PEAD EIXO VI
Educação Inclusiva
Questionamentos reconstrutivos
O final do Semestre é sempre época de
intensificar as reflexões. Elas ocorrem durante todo o tempo, mas neste período
nos aproximamos das leituras com este olhar questionador e procuramos responder
o que estas modificaram em nossa prática profissional. Este semestre para mim
foi de aprofundar questionamentos, abandonar algumas ideias de senso comum e aprofundar algumas
concepções s que se expressam na busca da reconstrução de
práticas pedagógicas e de Intervenções na sala de aula. Vou subverter a
pergunta proposta a cada exposição da Síntese Reflexiva, à pergunta proposta: o
que me impactou, transformo em outra: de que forma impactei meus alunos?
Dentro desta lógica de reflexão na ação e para
a ação, este foi um semestre de profundos questionamentos, entre eles:
De que forma impactei meus alunos?
Que tipos de memórias serão evocadas quando
lembrarem o ano de 2017?
De que forma valorizei a expressão das
subjetividades e como favoreci o
desenvolvimento da autonomia e da construção de aprendizagens?

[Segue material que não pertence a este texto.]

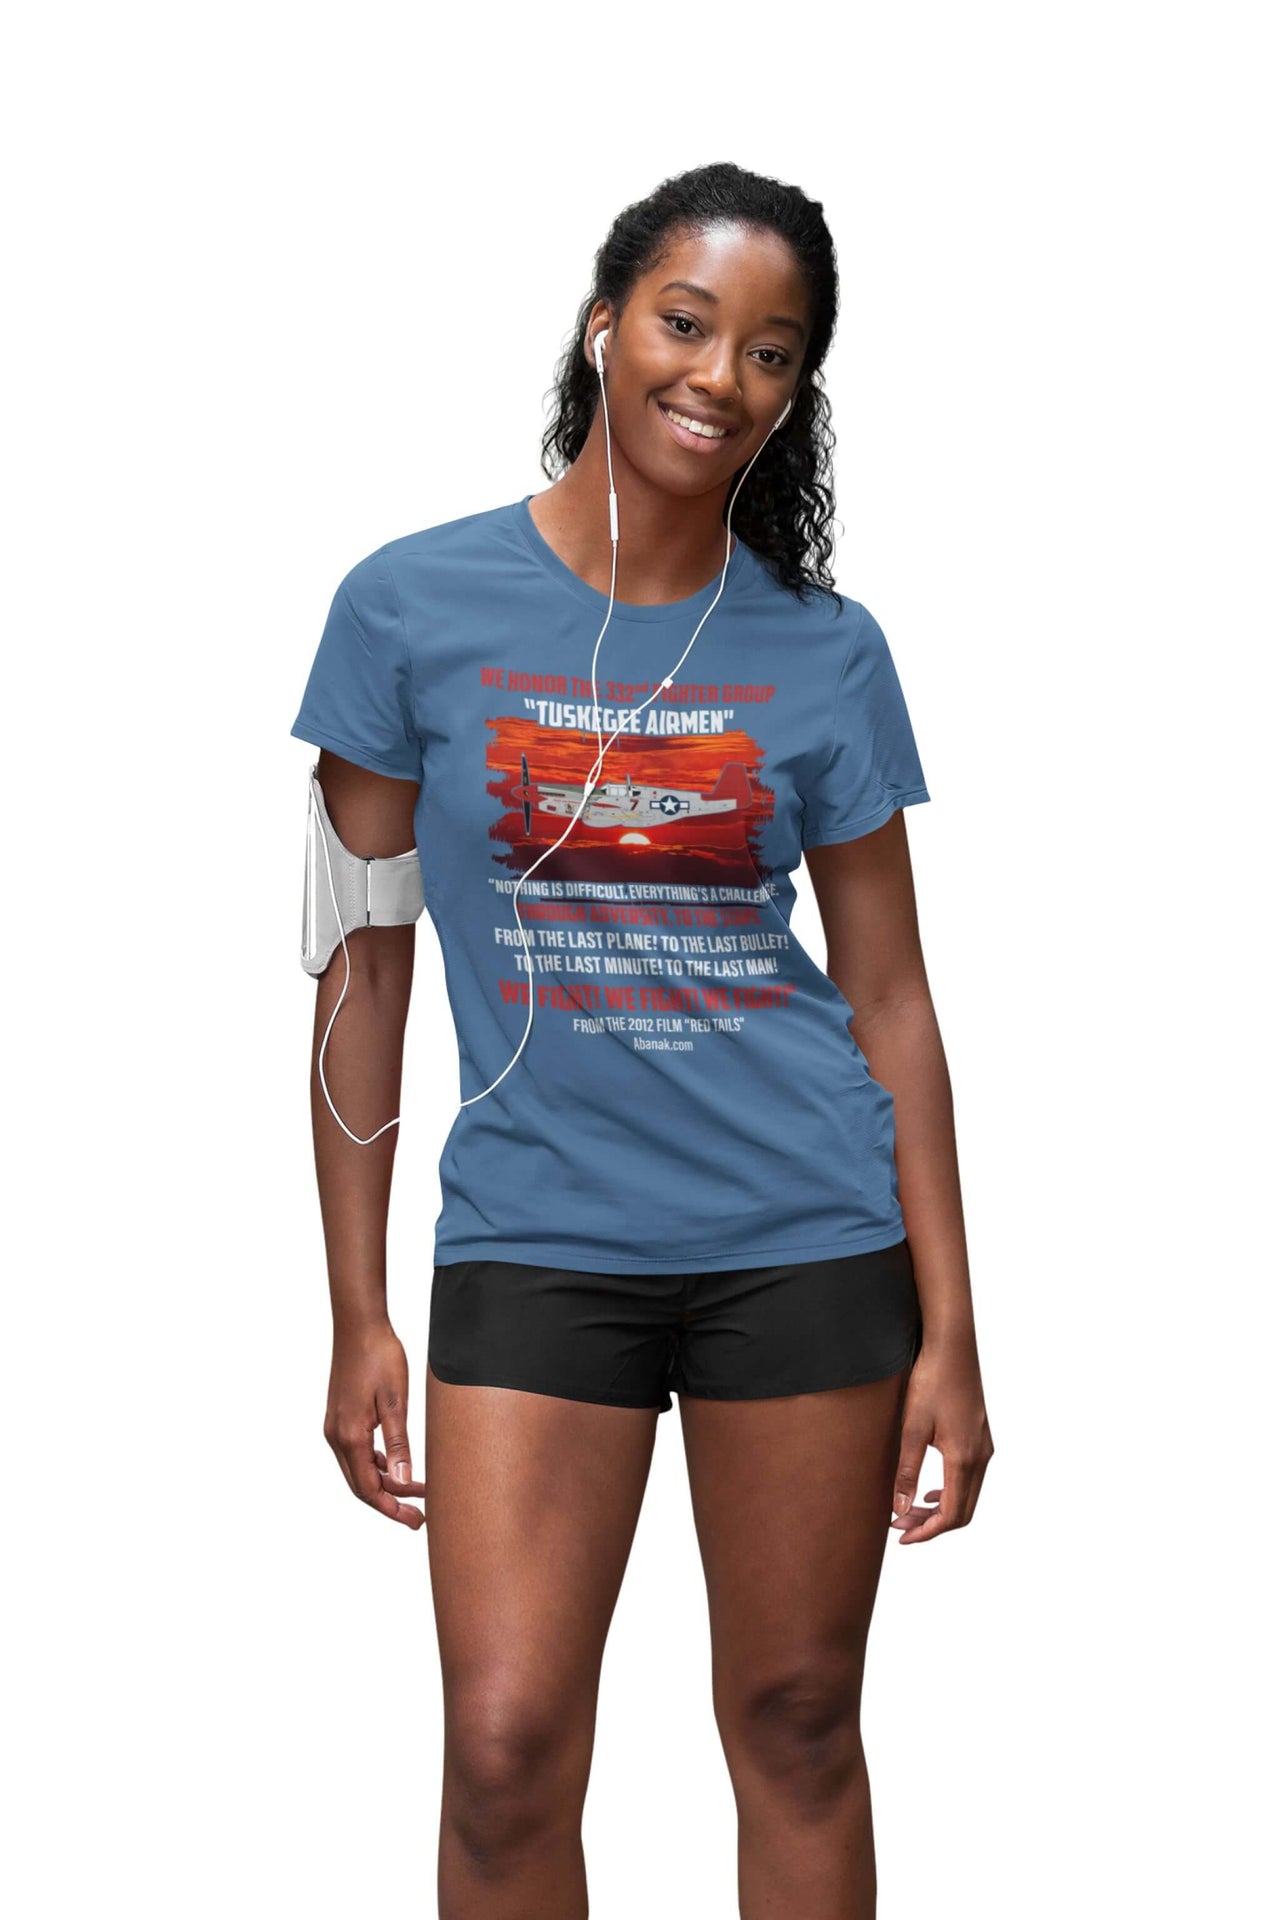 We Fight, We Fight, We Fight - Red Tails Inspirational Quote - Women's Vintage Tee
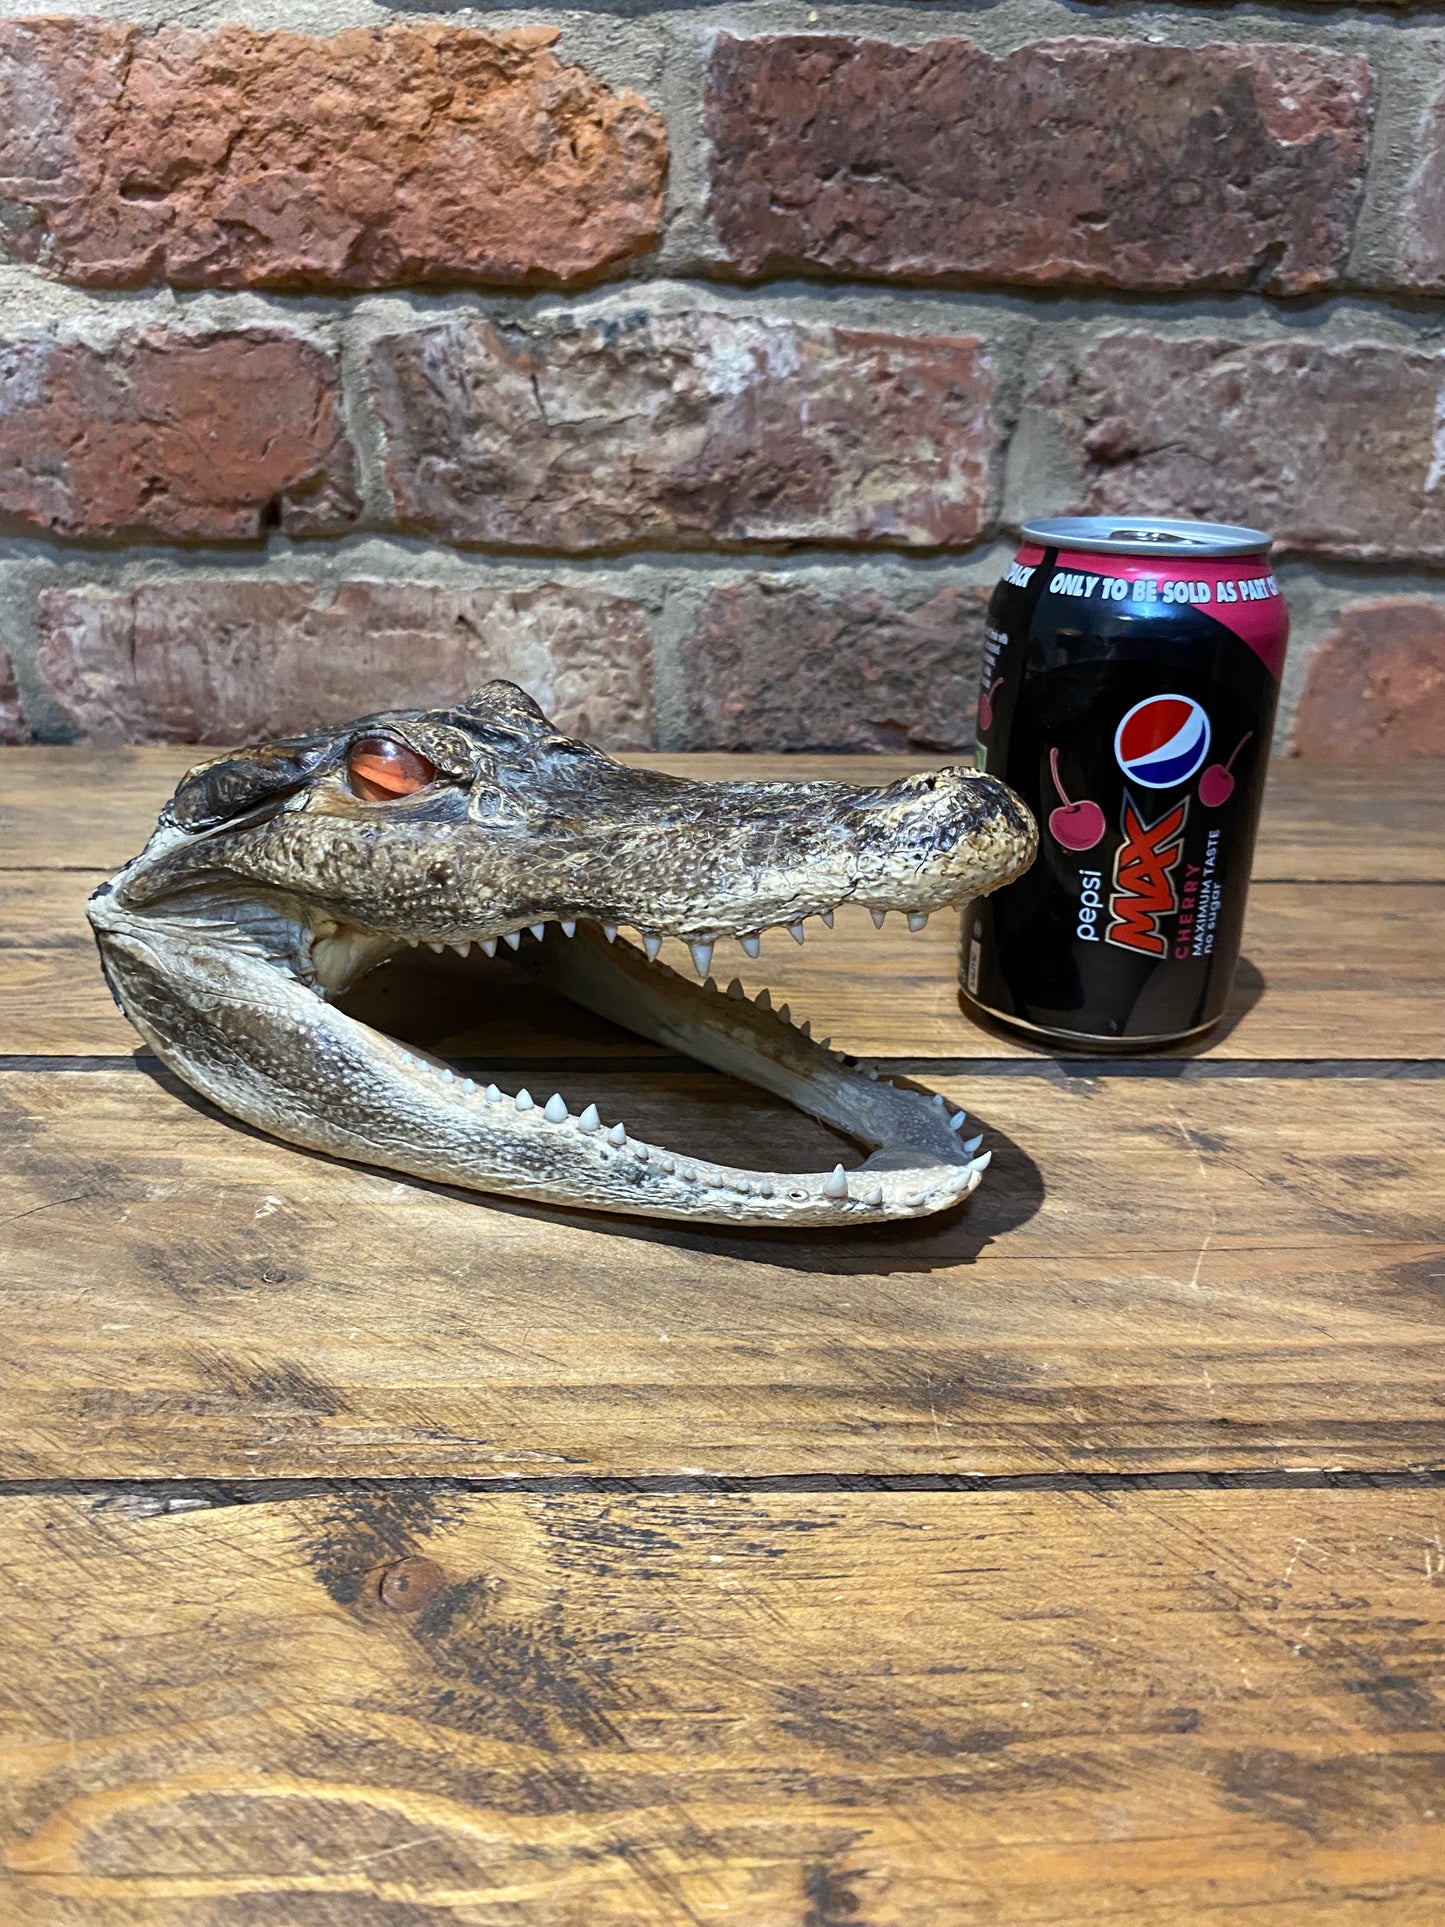 Authentic Crocodile Skull - Vintage Taxidermy Collectible view with a can of drink for scale

De que forma minhas falas, diálogos, mediações
nas atividades favoreceram a construção
de uma educação democrática?
De que forma as Intervenções pedagógicas que realizei com
meus alunos aprofundou preconceitos e discriminações ou favoreceu a afirmação
de identidades plurais?
Como atuei com os alunos que tem
ritmos próprios de aprendizagem? Intensifiquei estas dificuldades e rotulei ou reconheci as potencialidades
e consegui intervir com novos desafios e outras possibilidades pedagógicas que
atenderam às suas potencialidades?
Quando
releio as perguntas formuladas, percebo que estão atravessadas pelas minhas buscas.
Não busco respostas objetivas como uma prova de marcar o certo ou errado. Às perguntas estou tentado responder de
maneira efetiva na sala de aula. No confronto diário, nas ações que exigem uma resposta
rápida que preciso dar frente às situações surgidas no cotidiano. Para isto
servem as fundamentações teóricas. Para que na ação, na prática pedagógica,
consiga perceber as nuances da discriminação, do preconceito e da crueldade, da
negação da cidadania, das barreiras atitudinais, e assim procure subvertê-las.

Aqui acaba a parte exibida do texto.